**Instructions for the task:** Starting with the line that contains "pokrovskaya church, leningrad", return every line through the end of the listing below exactly as written. Omit the pictures.

**Data segment:**

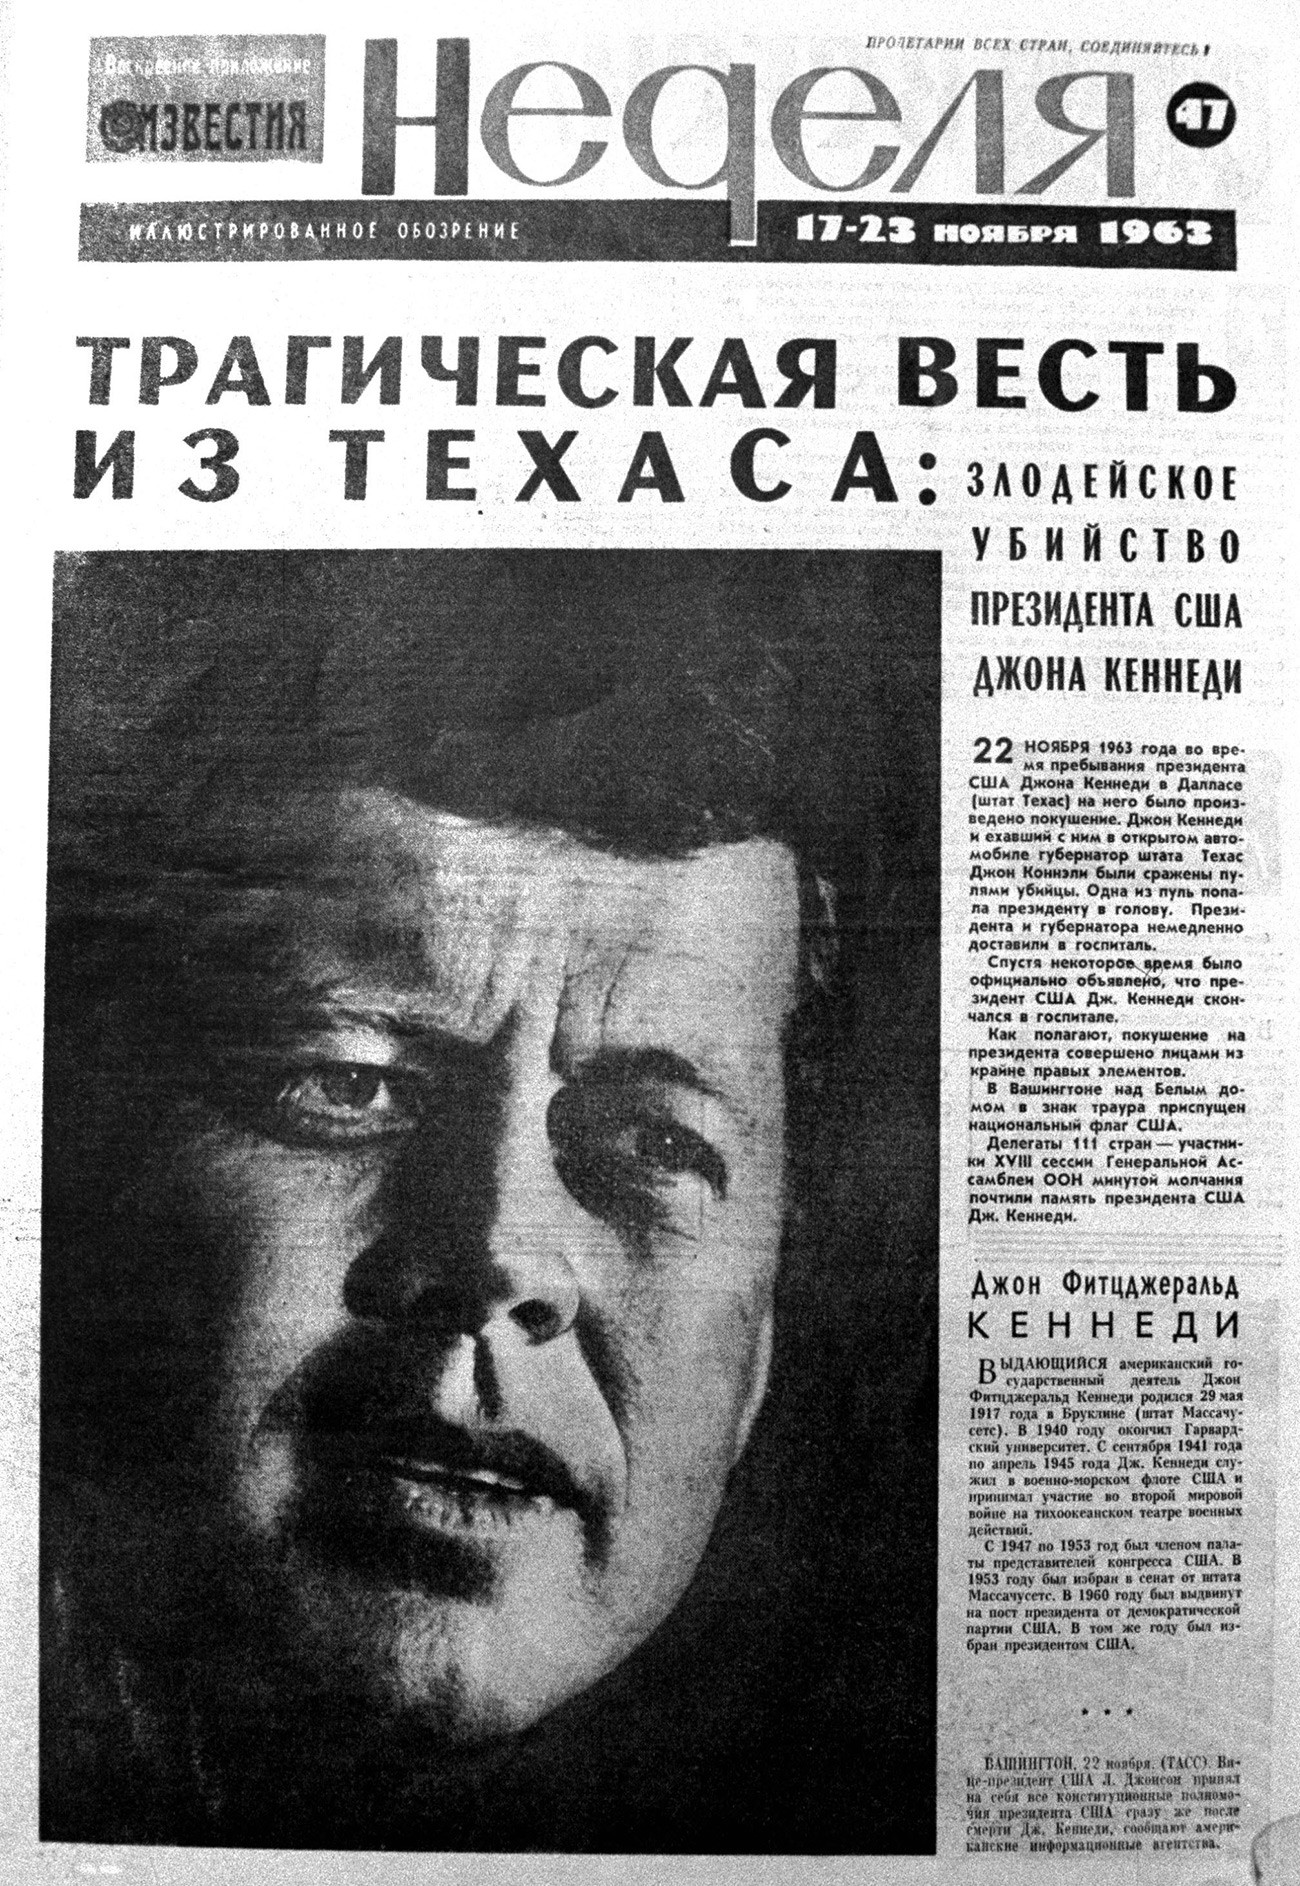 Лист „Неделя“ од 23. новембра 1963. године. Насловна страна посвећена је убиству америчког председника Џона Кенедија. „Неделя“ је био додатак уз владине новине „Известия“.
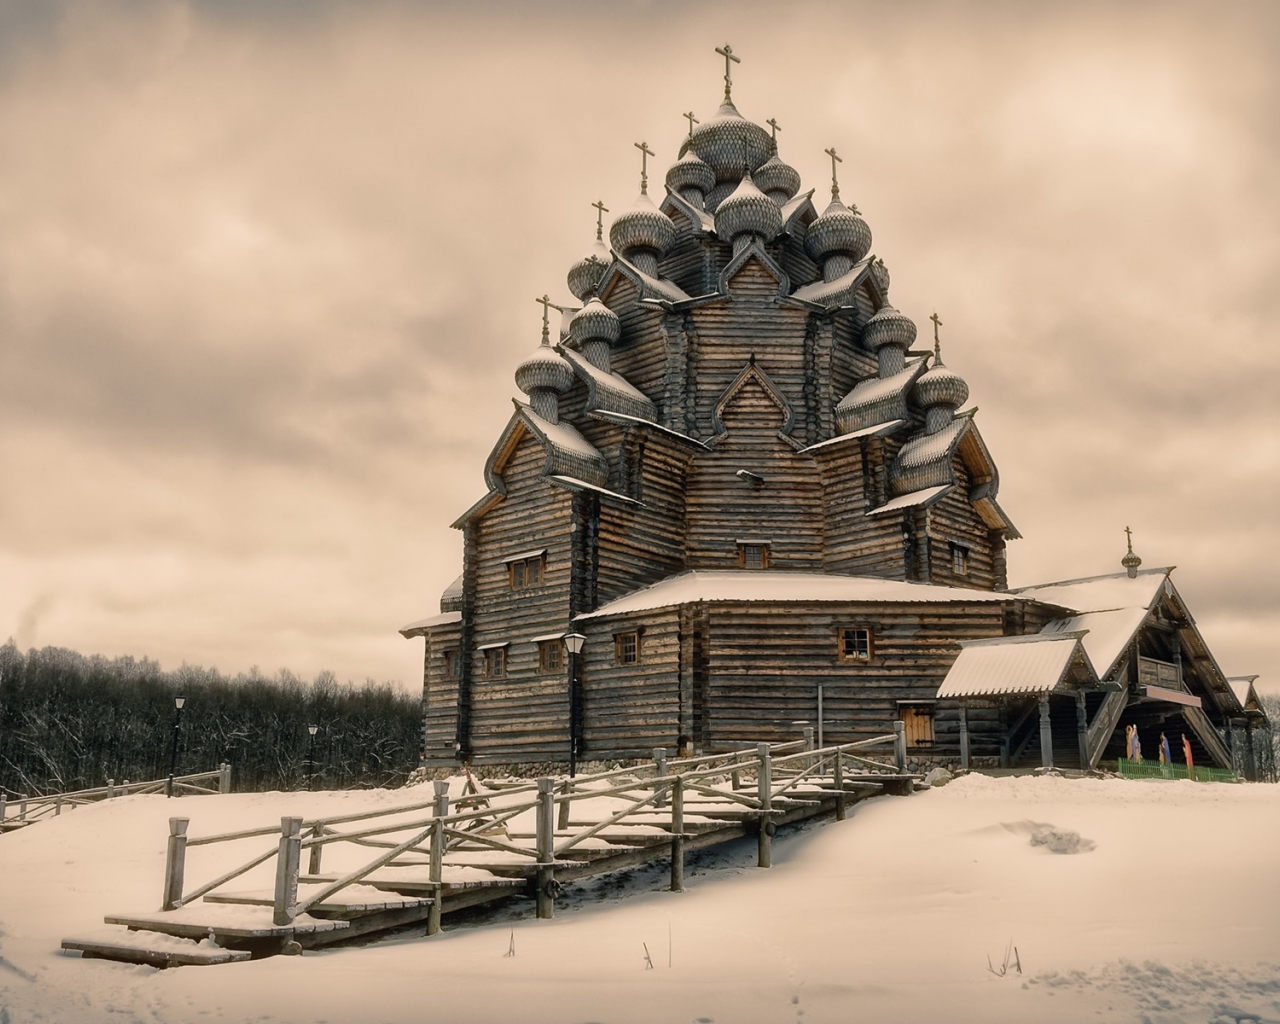 pokrovskaya church, leningrad oblast, russia, winter, snow
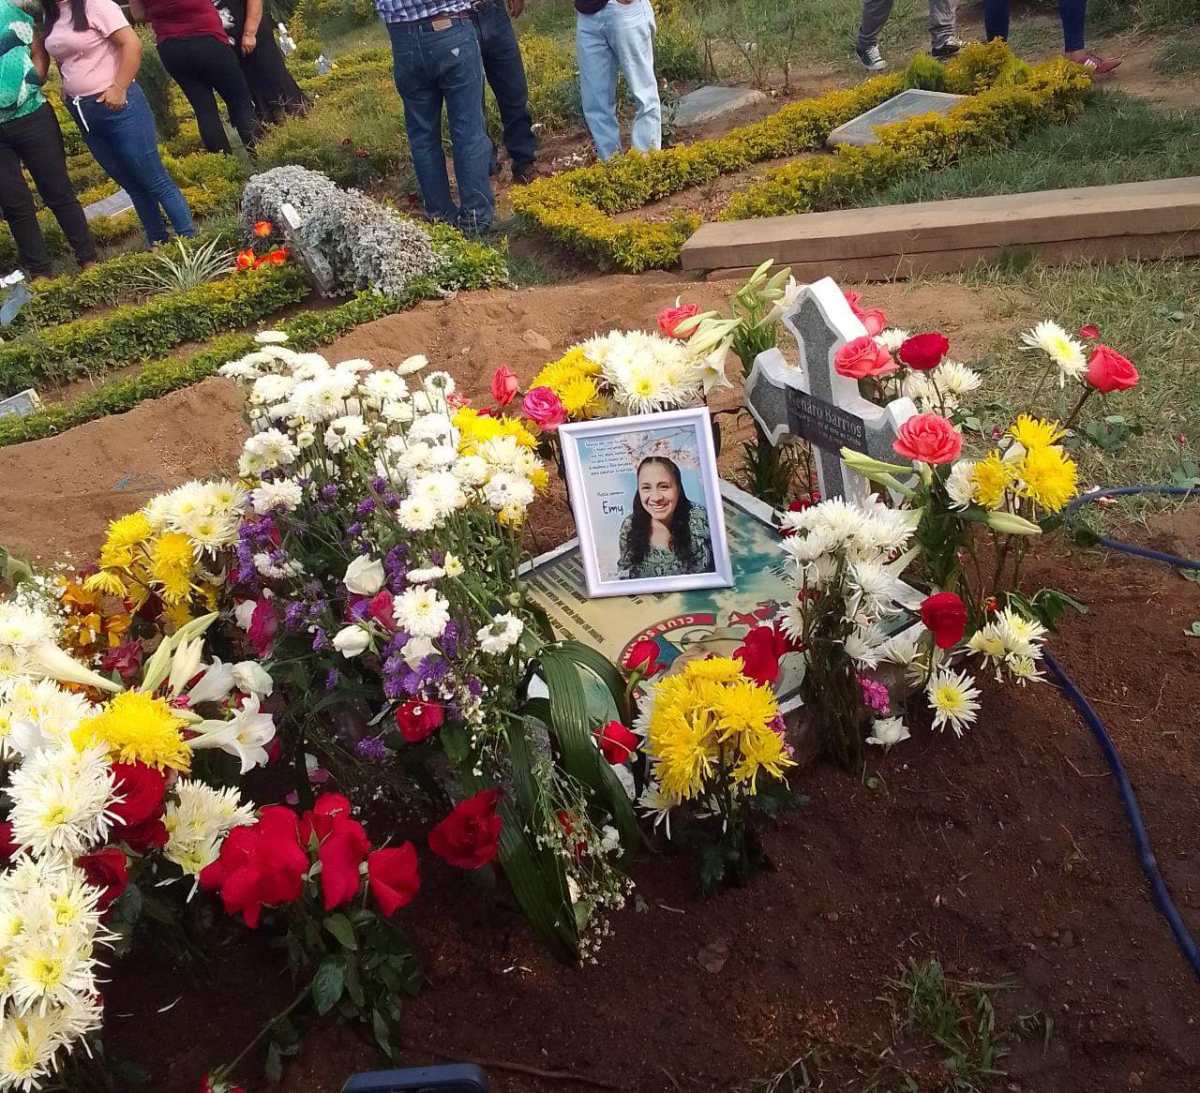 Familiares y amigos despiden a doña Emi, la mujer que murió trágicamente en una pasarela de la calzada Aguilar Batres

**Answer box:**
 pokrovskaya church, leningrad oblast, russia, winter, snow
 Familiares y amigos despiden a doña Emi, la mujer que murió trágicamente en una pasarela de la calzada Aguilar Batres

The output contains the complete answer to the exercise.